- _The problem_
From the entries below, reproduce exactly the line containing "Figura 4 – La", the line containing "Новая миниатюра аромата", and every line in between, with nothing added.

- _Given data_
═══

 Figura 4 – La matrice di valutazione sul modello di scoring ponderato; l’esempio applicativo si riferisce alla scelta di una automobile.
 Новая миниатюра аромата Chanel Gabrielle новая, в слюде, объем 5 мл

═══

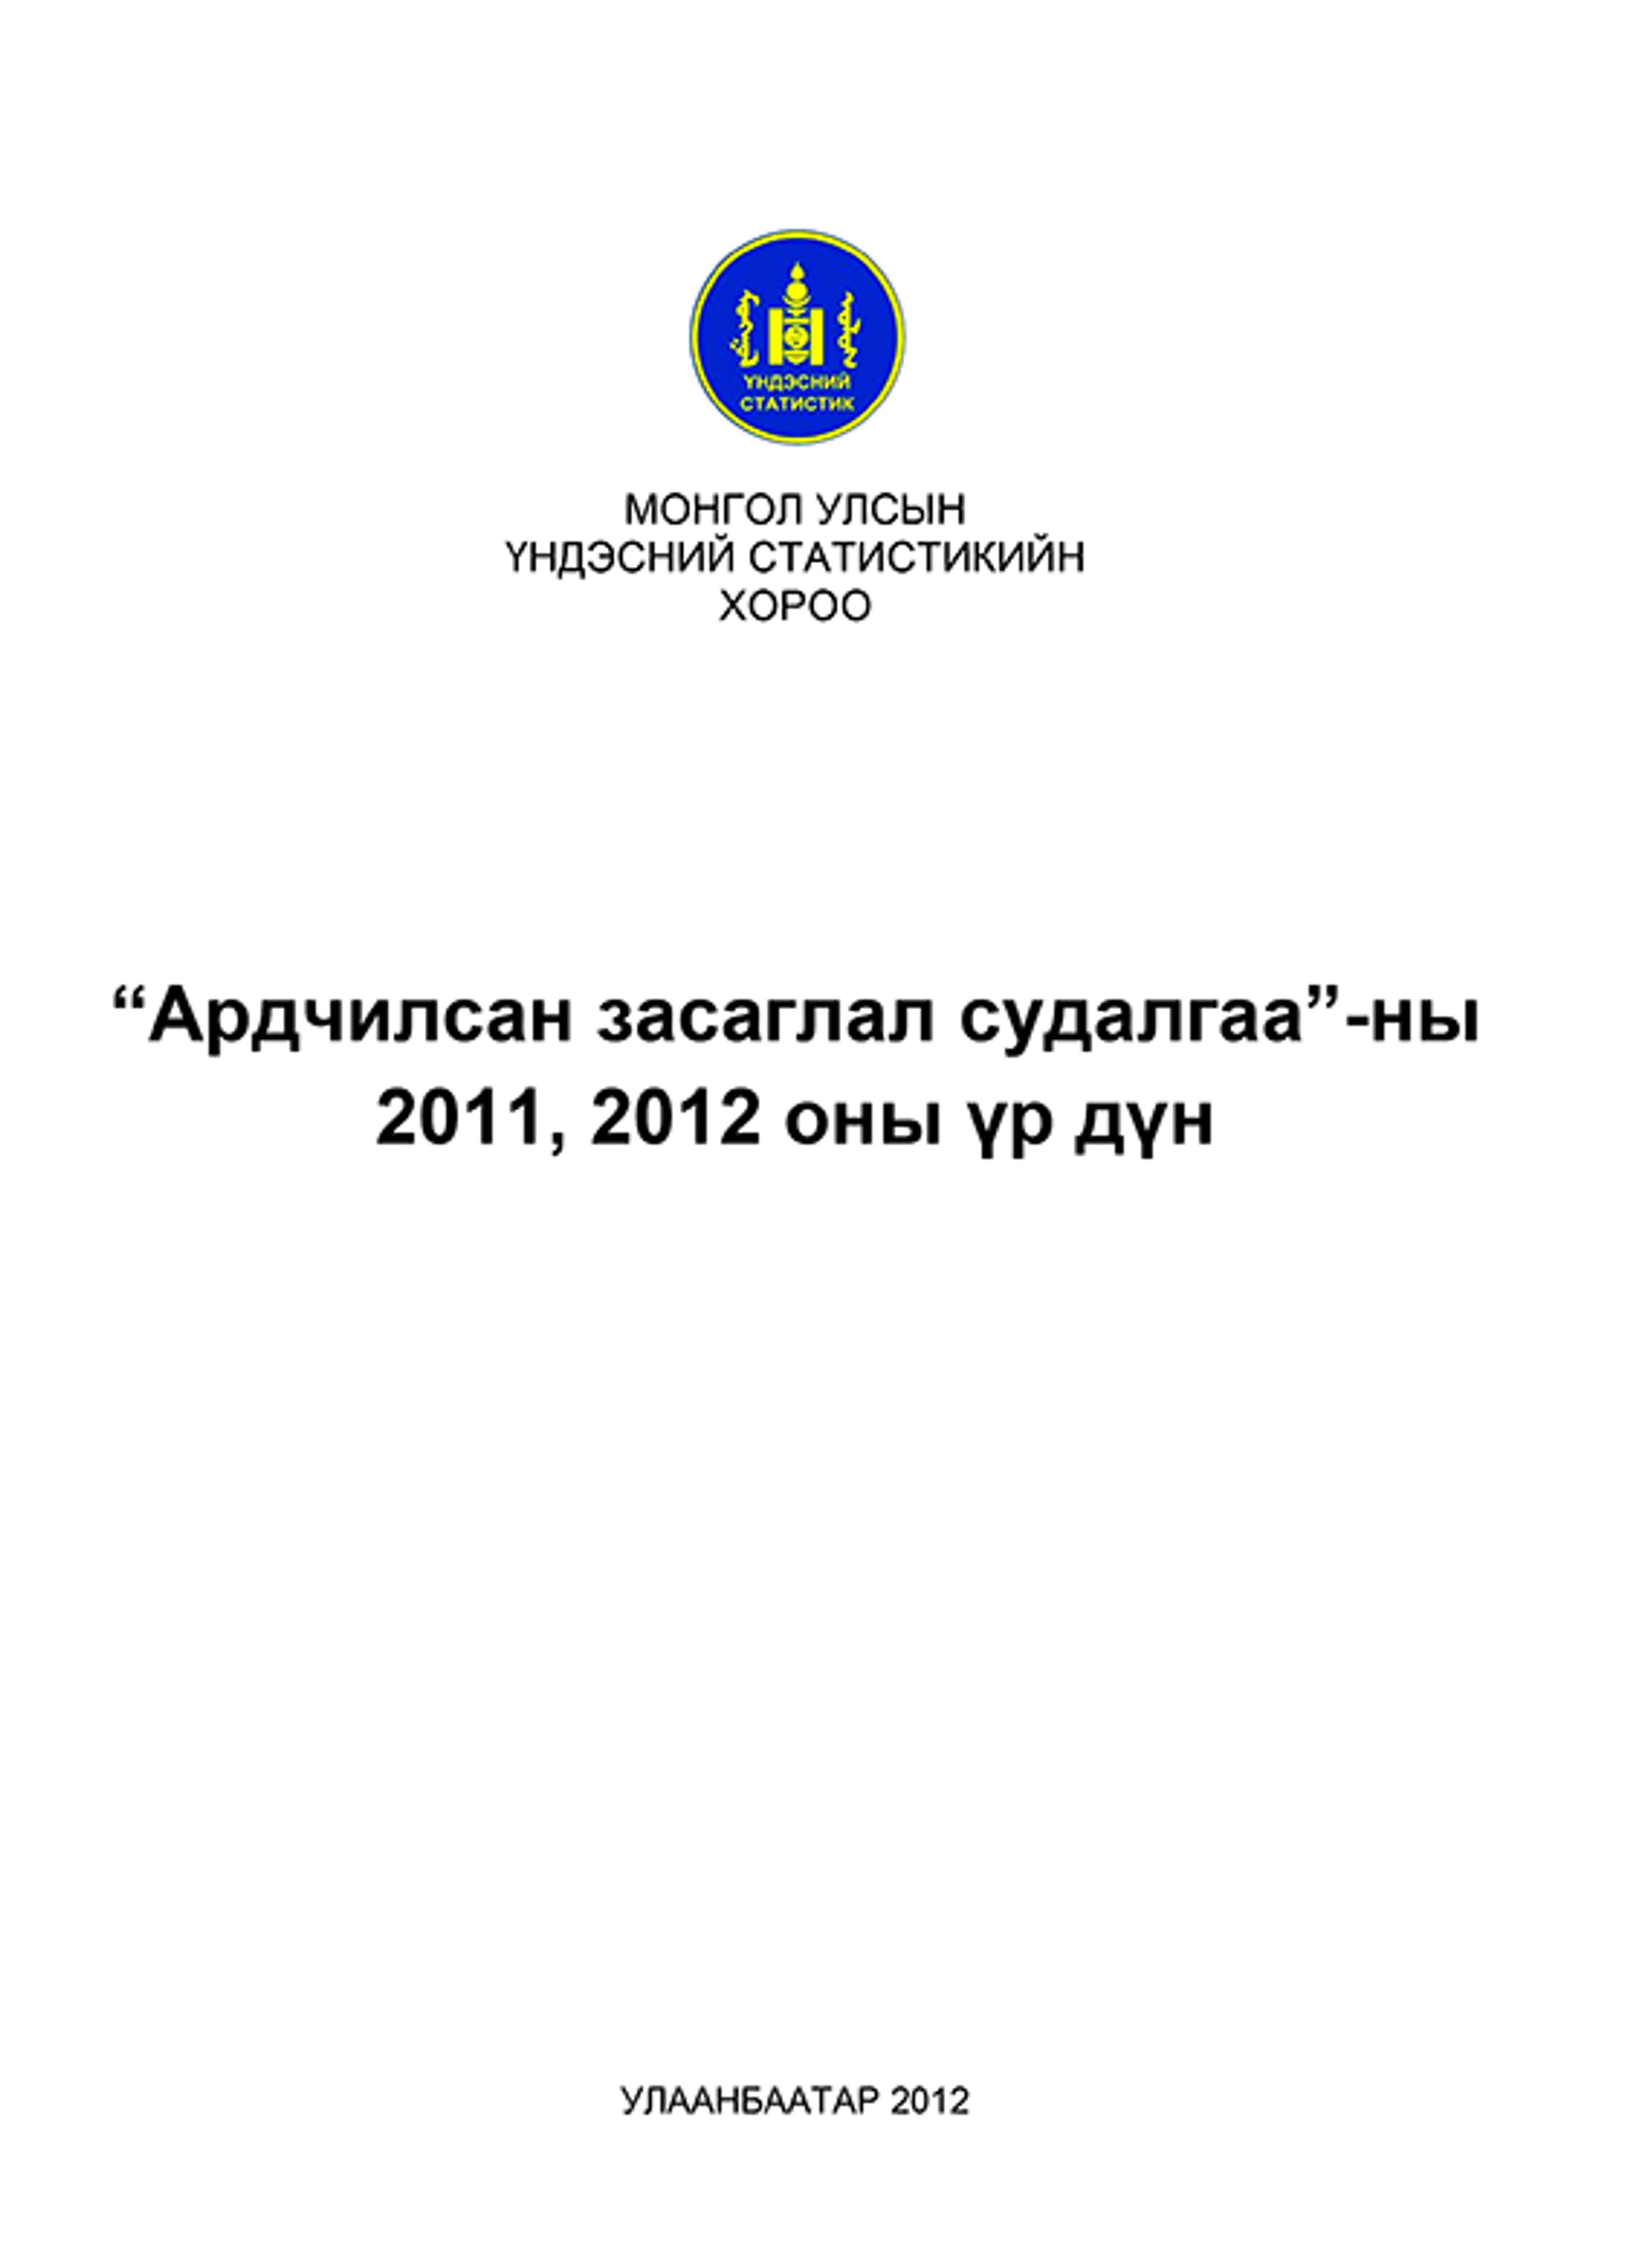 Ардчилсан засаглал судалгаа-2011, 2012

═══

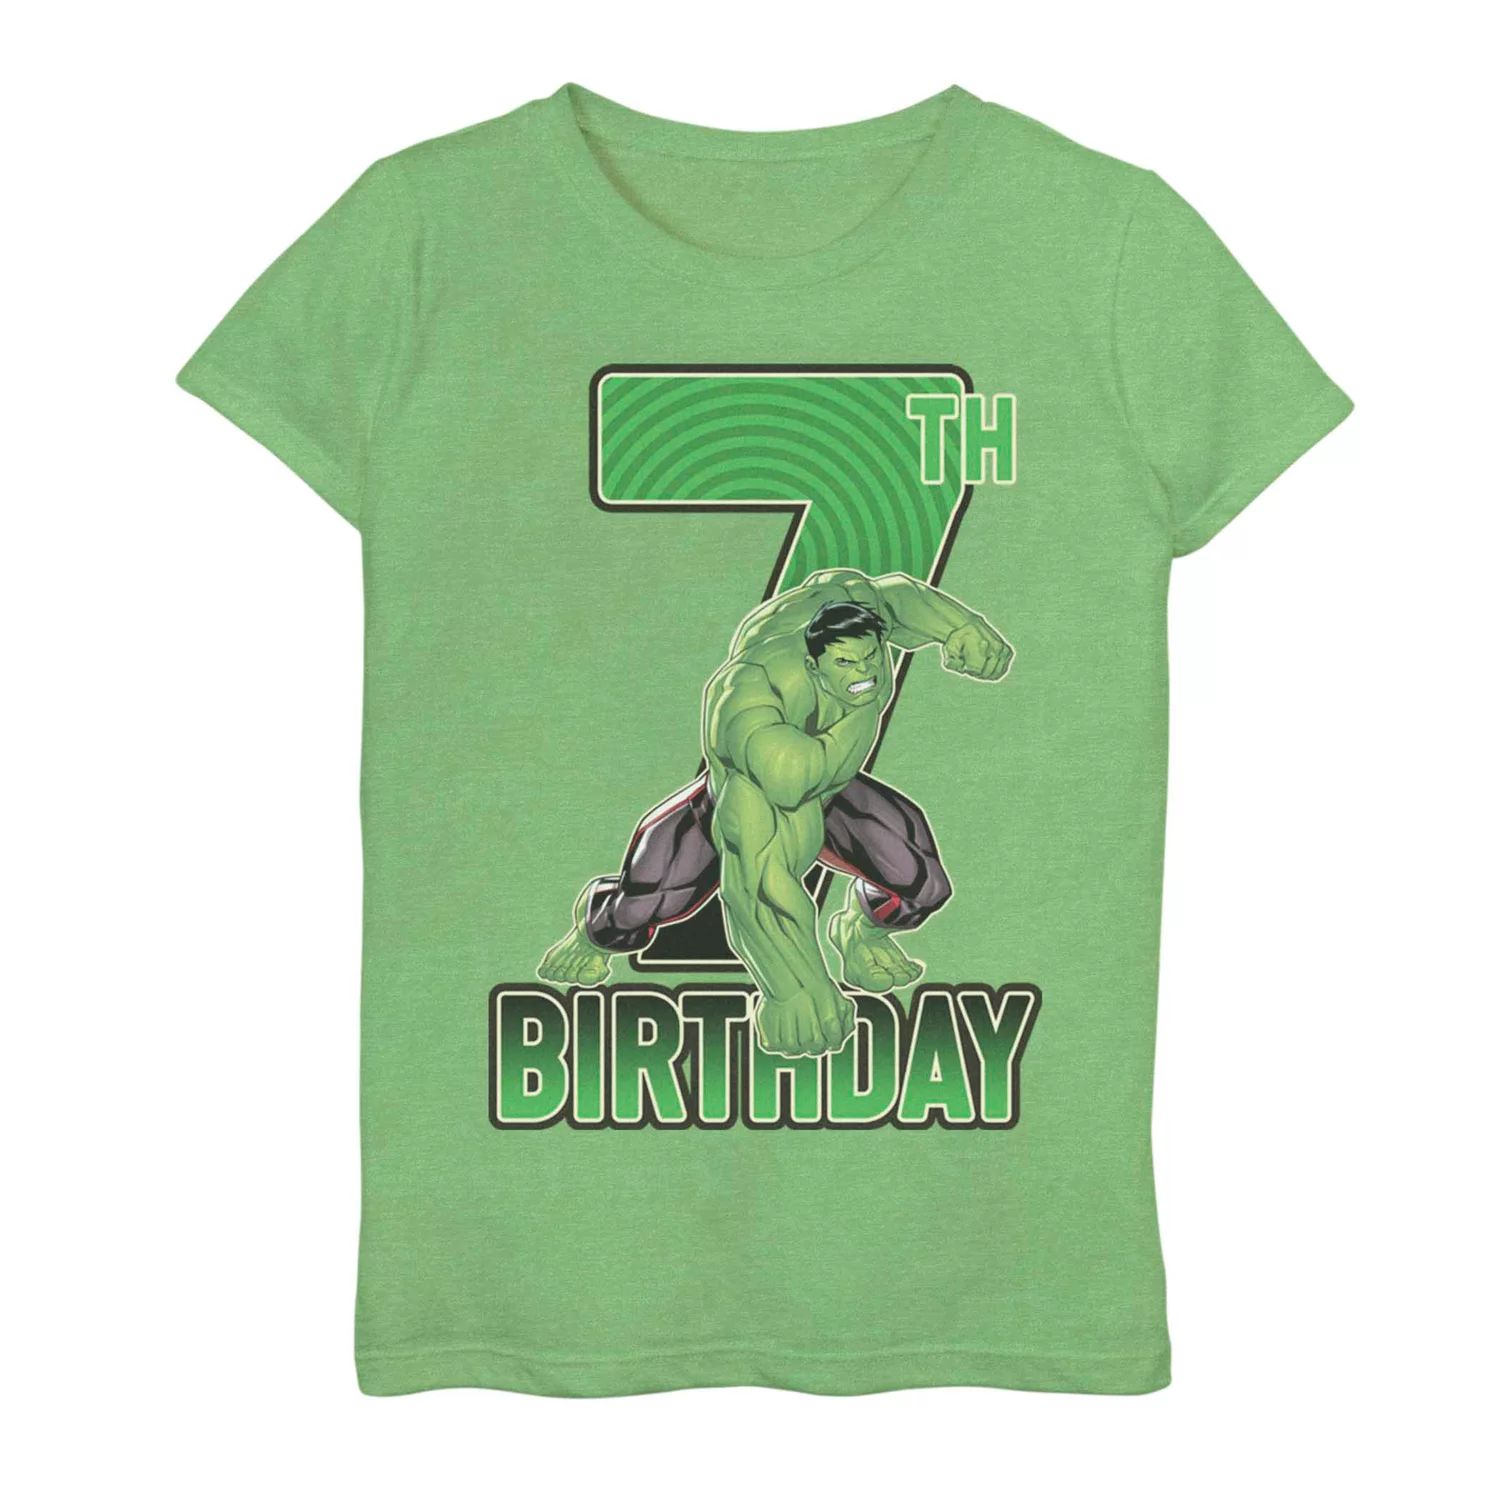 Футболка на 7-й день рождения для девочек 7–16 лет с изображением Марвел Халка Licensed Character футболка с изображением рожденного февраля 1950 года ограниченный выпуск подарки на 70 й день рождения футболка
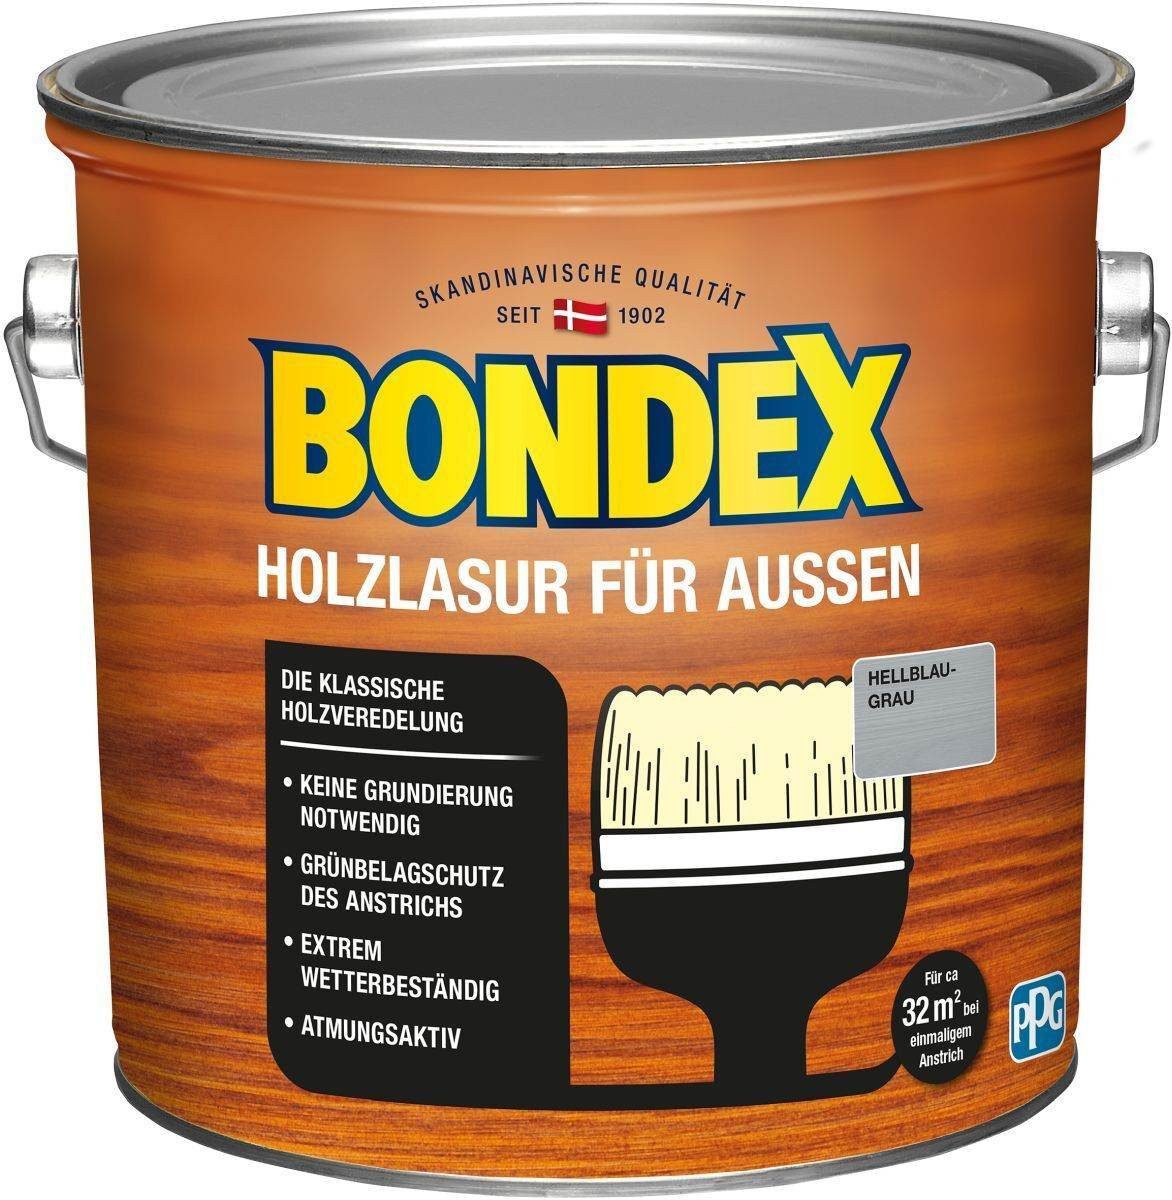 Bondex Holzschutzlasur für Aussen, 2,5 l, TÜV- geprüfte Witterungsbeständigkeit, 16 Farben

═══

- _Task answer_
 Figura 4 – La matrice di valutazione sul modello di scoring ponderato; l’esempio applicativo si riferisce alla scelta di una automobile.
 Новая миниатюра аромата Chanel Gabrielle новая, в слюде, объем 5 мл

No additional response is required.